On 10 May 2022 the Queen's Speech announced proposed legislation which the Government plans to introduce over the coming parliamentary period. The two pieces of proposed legislation which are of most interest and relevance to the recent manifesto and the Act are the Financial Services and Markets Bill ("Financial Services Bill") and the Economic Crime and Corporate Transparency Bill ("Economic Crime Bill") (collectively referred to as the "Bills").

Financial Services and Markets Bill

The objective of the Financial Services Bill is to strengthen the UK's financial services industry by ensuring that it continues to act in the interest of all people and communities.

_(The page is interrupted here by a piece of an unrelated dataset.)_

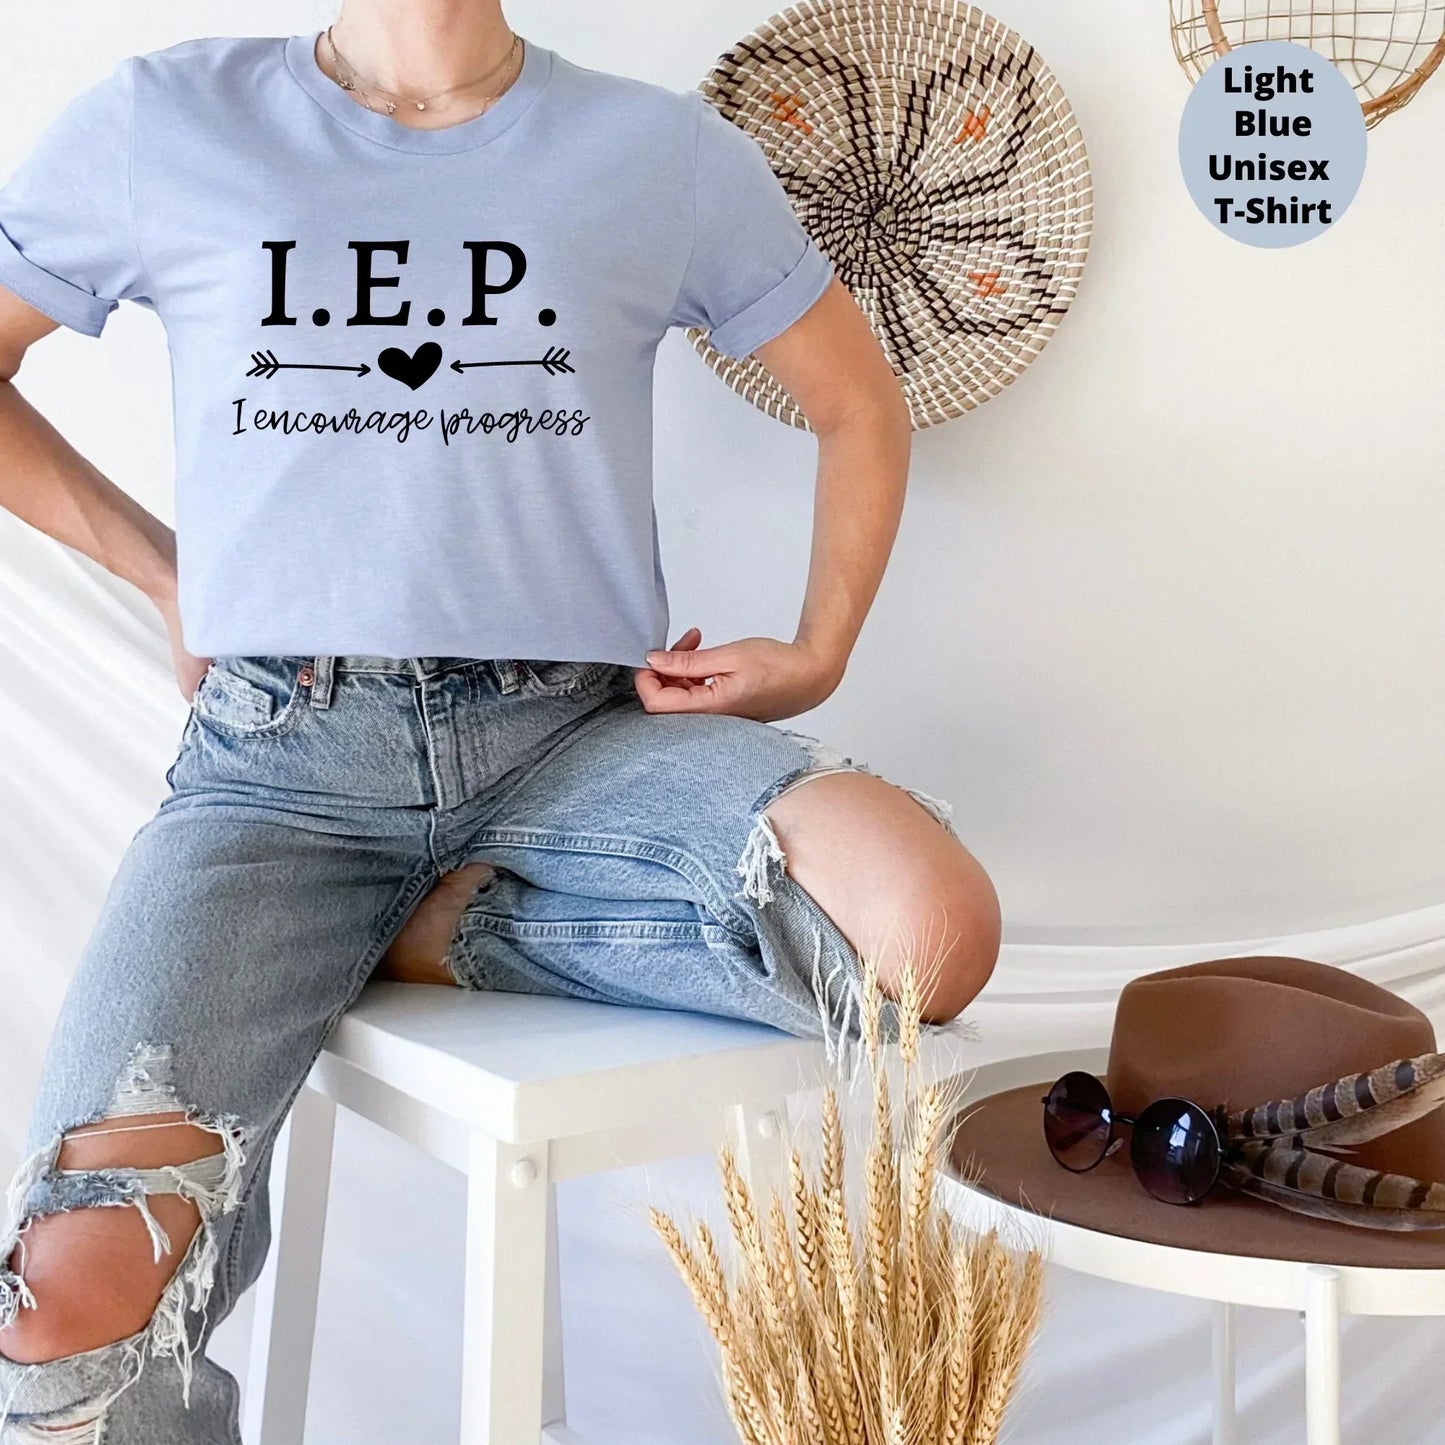 IEP, Special Education Teacher Shirt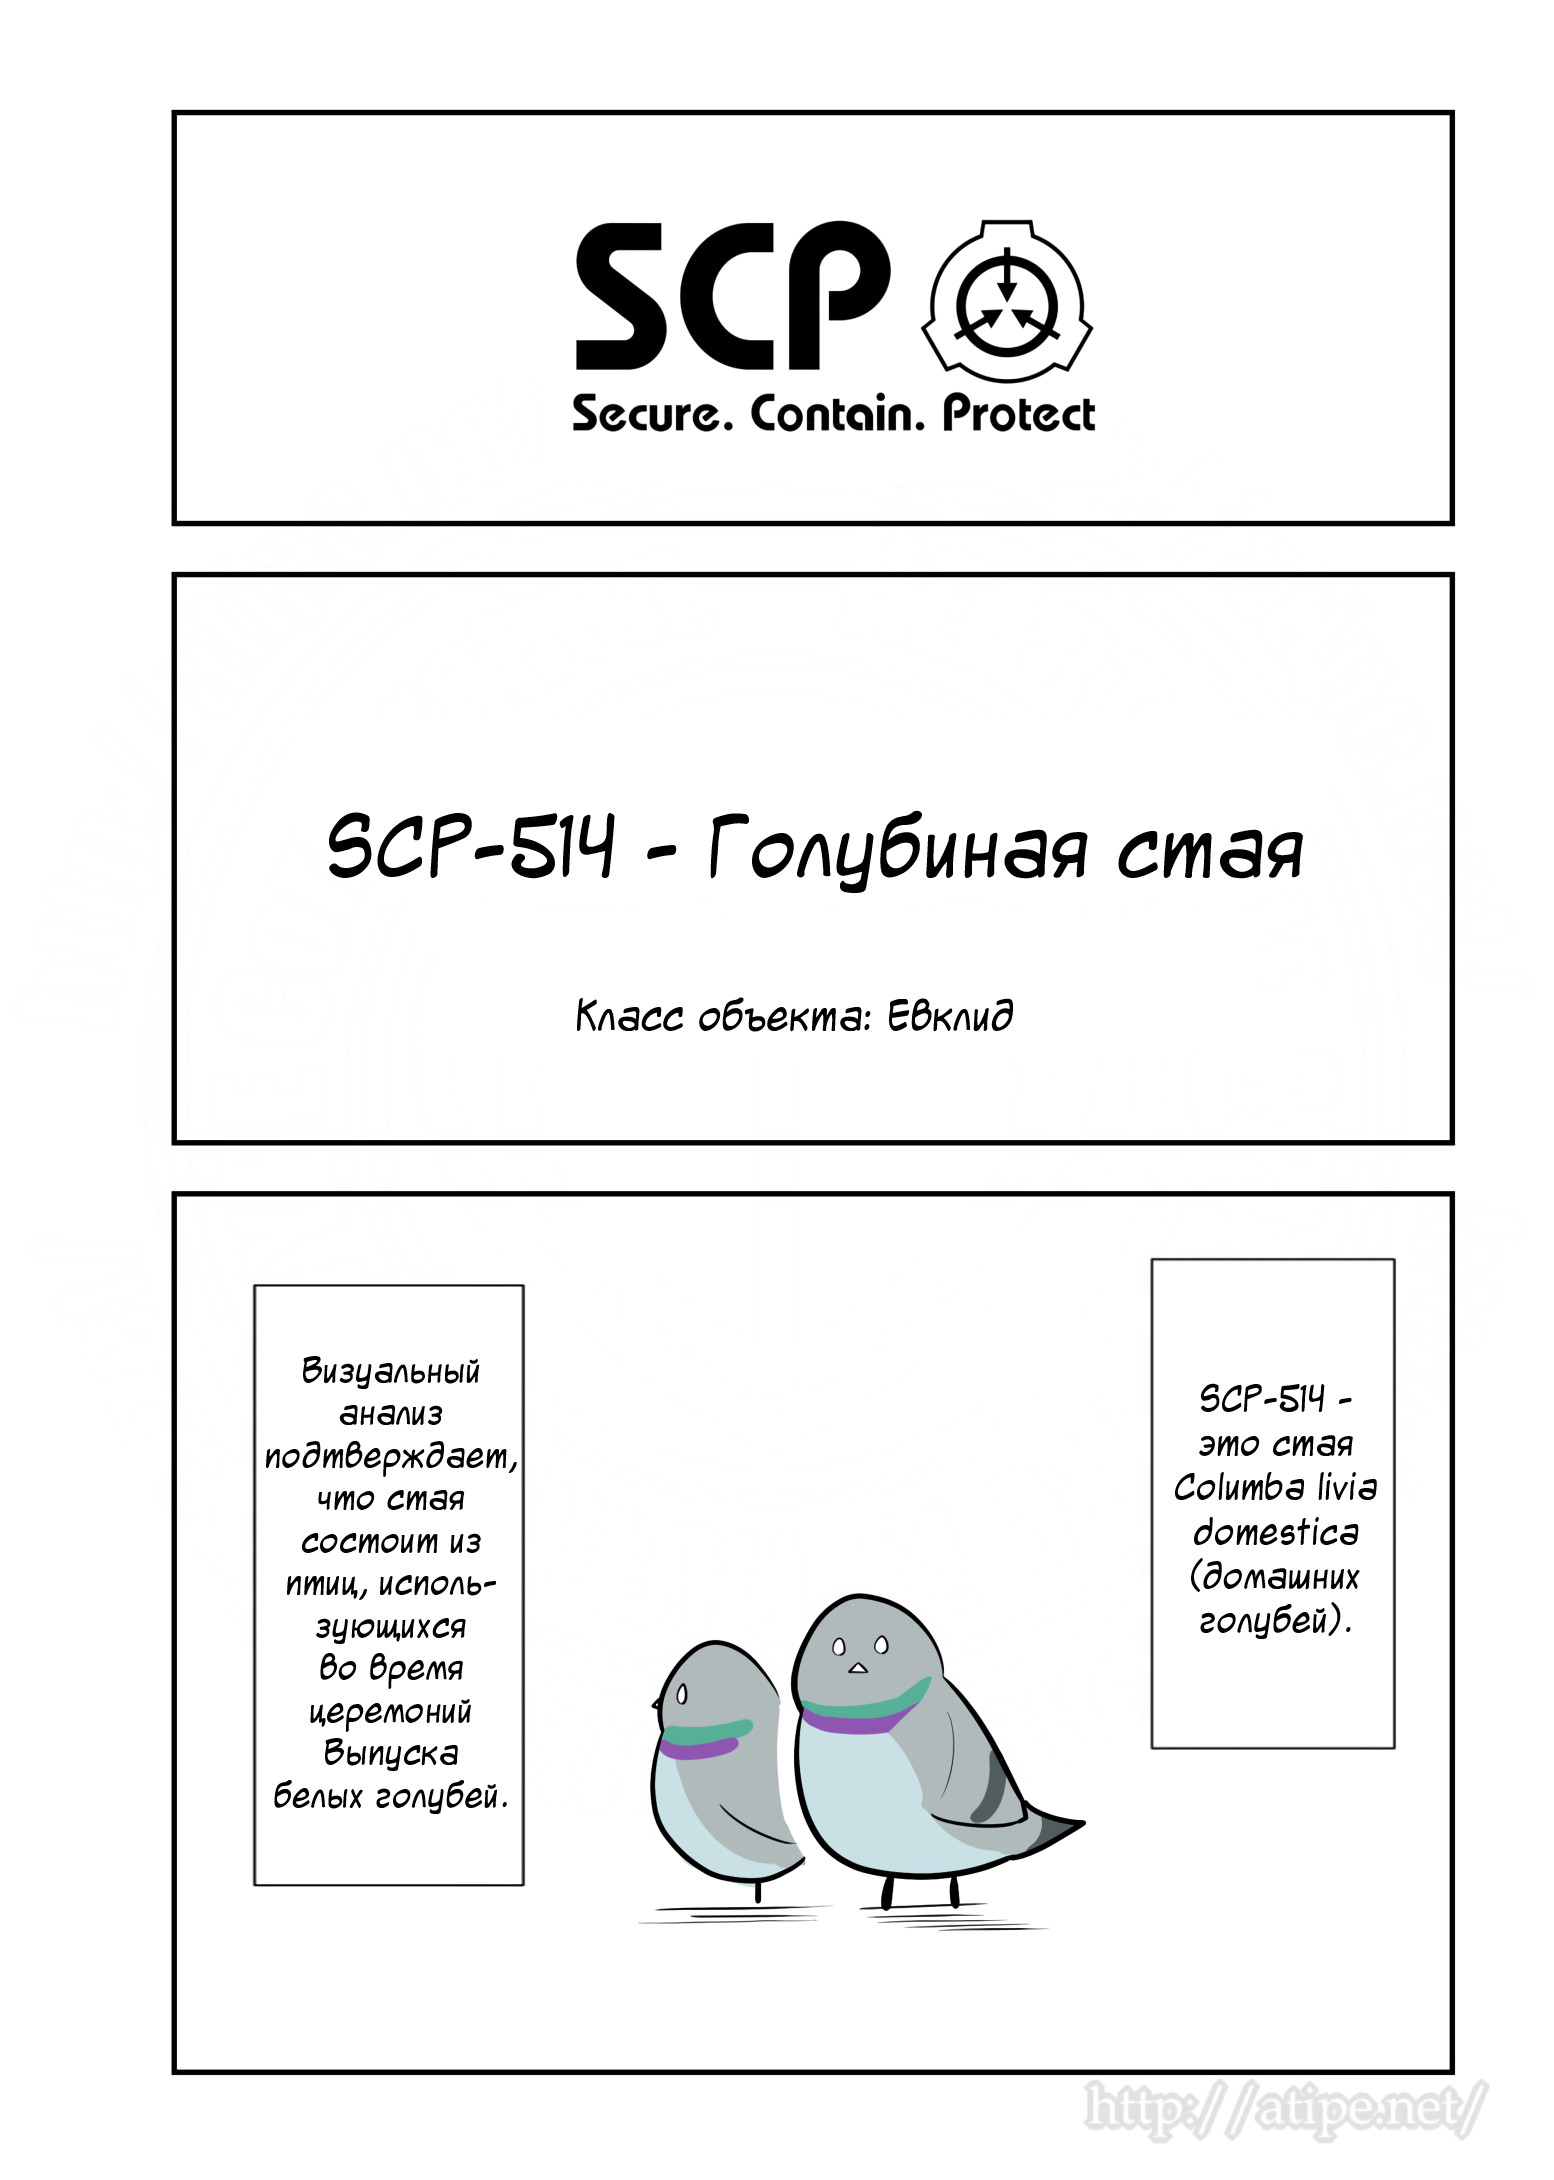 Упрощенный SCP 1 - 86 SCP-514 - Голубиная стая

The Financial Services Bill is said to have three main benefits that it will look to implement, these are:

  • Cutting red tape in the financial sector to make the UK an attractive place to invest and do business whilst making sure that high standards are maintained.
  • Harnessing the opportunities of innovative technologies in financial services, including supporting the safe adoption of cryptocurrencies and resilient outsourcing of technology providers.
  • Supporting individuals' confidence in financial services by ensuring continued access to cash across the UK and protecting people from scams.

Economic Crime and Corporate Transparency Bill

The objective of the Economic Crime Bill is to further strengthen powers to tackle illicit finance, reduce economic crime and help businesses grow.

The Economic Crime Bill is said to have three main benefits that it will look to implement, these are:

  • Tackling economic crime, including fraud and money-laundering, by delivering greater protections for consumers and businesses, boosting the UK's defences, and allowing legitimate businesses to thrive.
  • Protecting national security by making it harder for kleptocrats, criminals and terrorists to engage in money laundering, corruption, terrorism-financing, illegal arms movements and ransomware payments.
  • Supporting enterprise by enabling Companies House to deliver a better service for over four million UK companies, maintaining our swift and low-cost routes for company creation and improving the collection of data to inform business transactions and lending decisions across the economy.

Looking to the future

Over the course of the year, we will learn whether either of the Bills are passed into law, and if so, what form they will take. Following the resignation of Boris Johnson, there will be a number of demands for the new Government's attention. Therefore, whether this important policy will receive the Parliamentary attention it requires will be closely followed.

Assuming both Bills are passed and become law there remains a key question about whether both Bills can work together. Following an initial read of the aims and objectives of the Economic Crime Bill, the aim is to prevent criminals from being able to benefit from their proceeds of crime and restrict their ability to successfully launder the money. Compare this with the Financial Services Bill which has the potentially conflicting aim of opening up the economy in the finance section and reducing red tape.

There is a real risk that the overall objectives for both Bills may counteract each other's aims.